----- Material to process -----
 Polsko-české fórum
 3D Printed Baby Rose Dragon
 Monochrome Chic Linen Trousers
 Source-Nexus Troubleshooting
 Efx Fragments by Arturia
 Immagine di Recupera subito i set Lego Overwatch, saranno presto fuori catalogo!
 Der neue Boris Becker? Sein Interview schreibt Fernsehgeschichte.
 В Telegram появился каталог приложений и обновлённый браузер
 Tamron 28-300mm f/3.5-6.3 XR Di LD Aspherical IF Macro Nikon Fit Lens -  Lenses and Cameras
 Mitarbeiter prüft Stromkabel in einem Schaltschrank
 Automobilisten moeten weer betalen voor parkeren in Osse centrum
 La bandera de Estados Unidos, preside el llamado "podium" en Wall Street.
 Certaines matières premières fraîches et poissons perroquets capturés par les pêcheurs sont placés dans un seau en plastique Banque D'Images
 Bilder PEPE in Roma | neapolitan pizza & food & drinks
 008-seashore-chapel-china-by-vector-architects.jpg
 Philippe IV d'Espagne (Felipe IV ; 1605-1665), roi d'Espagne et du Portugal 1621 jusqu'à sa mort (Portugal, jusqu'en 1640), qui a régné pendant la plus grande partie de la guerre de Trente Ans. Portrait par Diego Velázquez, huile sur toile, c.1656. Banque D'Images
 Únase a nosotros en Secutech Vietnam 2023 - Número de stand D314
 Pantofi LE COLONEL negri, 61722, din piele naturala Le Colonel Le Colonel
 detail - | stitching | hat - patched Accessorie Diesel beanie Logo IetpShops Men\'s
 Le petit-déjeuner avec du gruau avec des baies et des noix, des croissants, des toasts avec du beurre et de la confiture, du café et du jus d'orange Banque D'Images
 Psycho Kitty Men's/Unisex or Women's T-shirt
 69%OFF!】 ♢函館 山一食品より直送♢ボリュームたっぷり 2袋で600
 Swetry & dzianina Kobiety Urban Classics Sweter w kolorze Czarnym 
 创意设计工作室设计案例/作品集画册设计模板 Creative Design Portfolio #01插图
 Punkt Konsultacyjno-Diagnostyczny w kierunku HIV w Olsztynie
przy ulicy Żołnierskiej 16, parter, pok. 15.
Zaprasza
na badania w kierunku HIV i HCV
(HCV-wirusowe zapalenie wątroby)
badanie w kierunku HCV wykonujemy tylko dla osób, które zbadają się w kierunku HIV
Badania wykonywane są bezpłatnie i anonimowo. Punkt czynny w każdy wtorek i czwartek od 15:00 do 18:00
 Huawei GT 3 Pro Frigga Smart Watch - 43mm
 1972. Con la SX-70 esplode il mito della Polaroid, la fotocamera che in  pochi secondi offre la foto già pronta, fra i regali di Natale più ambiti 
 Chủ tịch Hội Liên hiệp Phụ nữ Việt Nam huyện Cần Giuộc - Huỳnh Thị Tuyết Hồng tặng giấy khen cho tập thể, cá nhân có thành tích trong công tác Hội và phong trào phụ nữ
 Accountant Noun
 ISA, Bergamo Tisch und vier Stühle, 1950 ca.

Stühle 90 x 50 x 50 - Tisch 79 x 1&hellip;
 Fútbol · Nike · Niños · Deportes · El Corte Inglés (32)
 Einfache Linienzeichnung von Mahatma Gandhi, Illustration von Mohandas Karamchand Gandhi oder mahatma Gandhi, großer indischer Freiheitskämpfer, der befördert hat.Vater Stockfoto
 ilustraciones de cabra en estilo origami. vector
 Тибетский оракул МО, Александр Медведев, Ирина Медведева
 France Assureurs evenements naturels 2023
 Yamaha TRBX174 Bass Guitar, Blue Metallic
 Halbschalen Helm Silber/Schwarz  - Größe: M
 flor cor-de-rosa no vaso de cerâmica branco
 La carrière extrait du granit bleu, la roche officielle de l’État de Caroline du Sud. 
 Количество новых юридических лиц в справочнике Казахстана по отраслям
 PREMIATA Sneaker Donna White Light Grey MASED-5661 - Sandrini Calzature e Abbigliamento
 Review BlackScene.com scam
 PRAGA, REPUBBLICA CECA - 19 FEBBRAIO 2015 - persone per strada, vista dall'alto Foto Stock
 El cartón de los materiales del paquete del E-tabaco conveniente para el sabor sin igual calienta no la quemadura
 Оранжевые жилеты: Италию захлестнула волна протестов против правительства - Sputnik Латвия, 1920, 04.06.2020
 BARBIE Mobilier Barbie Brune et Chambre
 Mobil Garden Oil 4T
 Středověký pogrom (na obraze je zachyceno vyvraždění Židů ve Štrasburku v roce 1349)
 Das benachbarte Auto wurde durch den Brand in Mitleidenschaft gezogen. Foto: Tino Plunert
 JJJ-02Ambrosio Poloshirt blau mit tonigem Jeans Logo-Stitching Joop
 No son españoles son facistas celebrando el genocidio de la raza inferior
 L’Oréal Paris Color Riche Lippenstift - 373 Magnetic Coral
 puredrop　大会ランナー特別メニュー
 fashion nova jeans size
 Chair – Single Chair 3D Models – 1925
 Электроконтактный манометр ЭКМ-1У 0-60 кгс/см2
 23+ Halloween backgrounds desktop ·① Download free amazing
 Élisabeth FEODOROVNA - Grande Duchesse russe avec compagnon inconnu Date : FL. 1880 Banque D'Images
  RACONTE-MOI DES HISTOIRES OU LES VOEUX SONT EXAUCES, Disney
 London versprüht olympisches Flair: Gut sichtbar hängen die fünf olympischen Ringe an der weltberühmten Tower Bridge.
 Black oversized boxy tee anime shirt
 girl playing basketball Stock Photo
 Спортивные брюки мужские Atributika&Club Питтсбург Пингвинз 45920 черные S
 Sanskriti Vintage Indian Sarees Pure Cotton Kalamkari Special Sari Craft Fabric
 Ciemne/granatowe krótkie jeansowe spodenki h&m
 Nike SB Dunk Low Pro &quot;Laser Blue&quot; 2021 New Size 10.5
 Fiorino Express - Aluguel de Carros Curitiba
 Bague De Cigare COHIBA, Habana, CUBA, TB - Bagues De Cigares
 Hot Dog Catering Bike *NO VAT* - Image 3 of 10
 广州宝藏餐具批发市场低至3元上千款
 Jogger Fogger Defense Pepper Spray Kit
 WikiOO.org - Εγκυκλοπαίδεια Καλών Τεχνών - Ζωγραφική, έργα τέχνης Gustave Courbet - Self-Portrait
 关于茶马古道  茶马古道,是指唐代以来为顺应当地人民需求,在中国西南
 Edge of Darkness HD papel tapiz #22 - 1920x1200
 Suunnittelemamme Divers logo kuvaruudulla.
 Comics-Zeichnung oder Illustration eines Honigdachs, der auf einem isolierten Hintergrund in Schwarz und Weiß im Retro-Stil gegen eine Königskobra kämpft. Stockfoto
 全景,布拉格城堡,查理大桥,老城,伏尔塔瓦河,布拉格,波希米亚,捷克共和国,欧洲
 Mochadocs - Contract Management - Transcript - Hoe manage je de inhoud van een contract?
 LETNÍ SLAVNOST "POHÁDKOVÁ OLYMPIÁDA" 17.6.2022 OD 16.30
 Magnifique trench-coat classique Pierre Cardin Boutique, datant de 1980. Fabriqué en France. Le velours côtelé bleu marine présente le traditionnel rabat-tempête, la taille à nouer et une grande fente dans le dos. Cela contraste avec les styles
-----
_Instructions to follow_. Look back at the entries above and repeat, unchanged, every line from the line holding "Halbschalen Helm Silber/Schwarz" through the line holding "Élisabeth FEODOROVNA - Grande".

_Result of this task_.
 Halbschalen Helm Silber/Schwarz  - Größe: M
 flor cor-de-rosa no vaso de cerâmica branco
 La carrière extrait du granit bleu, la roche officielle de l’État de Caroline du Sud. 
 Количество новых юридических лиц в справочнике Казахстана по отраслям
 PREMIATA Sneaker Donna White Light Grey MASED-5661 - Sandrini Calzature e Abbigliamento
 Review BlackScene.com scam
 PRAGA, REPUBBLICA CECA - 19 FEBBRAIO 2015 - persone per strada, vista dall'alto Foto Stock
 El cartón de los materiales del paquete del E-tabaco conveniente para el sabor sin igual calienta no la quemadura
 Оранжевые жилеты: Италию захлестнула волна протестов против правительства - Sputnik Латвия, 1920, 04.06.2020
 BARBIE Mobilier Barbie Brune et Chambre
 Mobil Garden Oil 4T
 Středověký pogrom (na obraze je zachyceno vyvraždění Židů ve Štrasburku v roce 1349)
 Das benachbarte Auto wurde durch den Brand in Mitleidenschaft gezogen. Foto: Tino Plunert
 JJJ-02Ambrosio Poloshirt blau mit tonigem Jeans Logo-Stitching Joop
 No son españoles son facistas celebrando el genocidio de la raza inferior
 L’Oréal Paris Color Riche Lippenstift - 373 Magnetic Coral
 puredrop　大会ランナー特別メニュー
 fashion nova jeans size
 Chair – Single Chair 3D Models – 1925
 Электроконтактный манометр ЭКМ-1У 0-60 кгс/см2
 23+ Halloween backgrounds desktop ·① Download free amazing
 Élisabeth FEODOROVNA - Grande Duchesse russe avec compagnon inconnu Date : FL. 1880 Banque D'Images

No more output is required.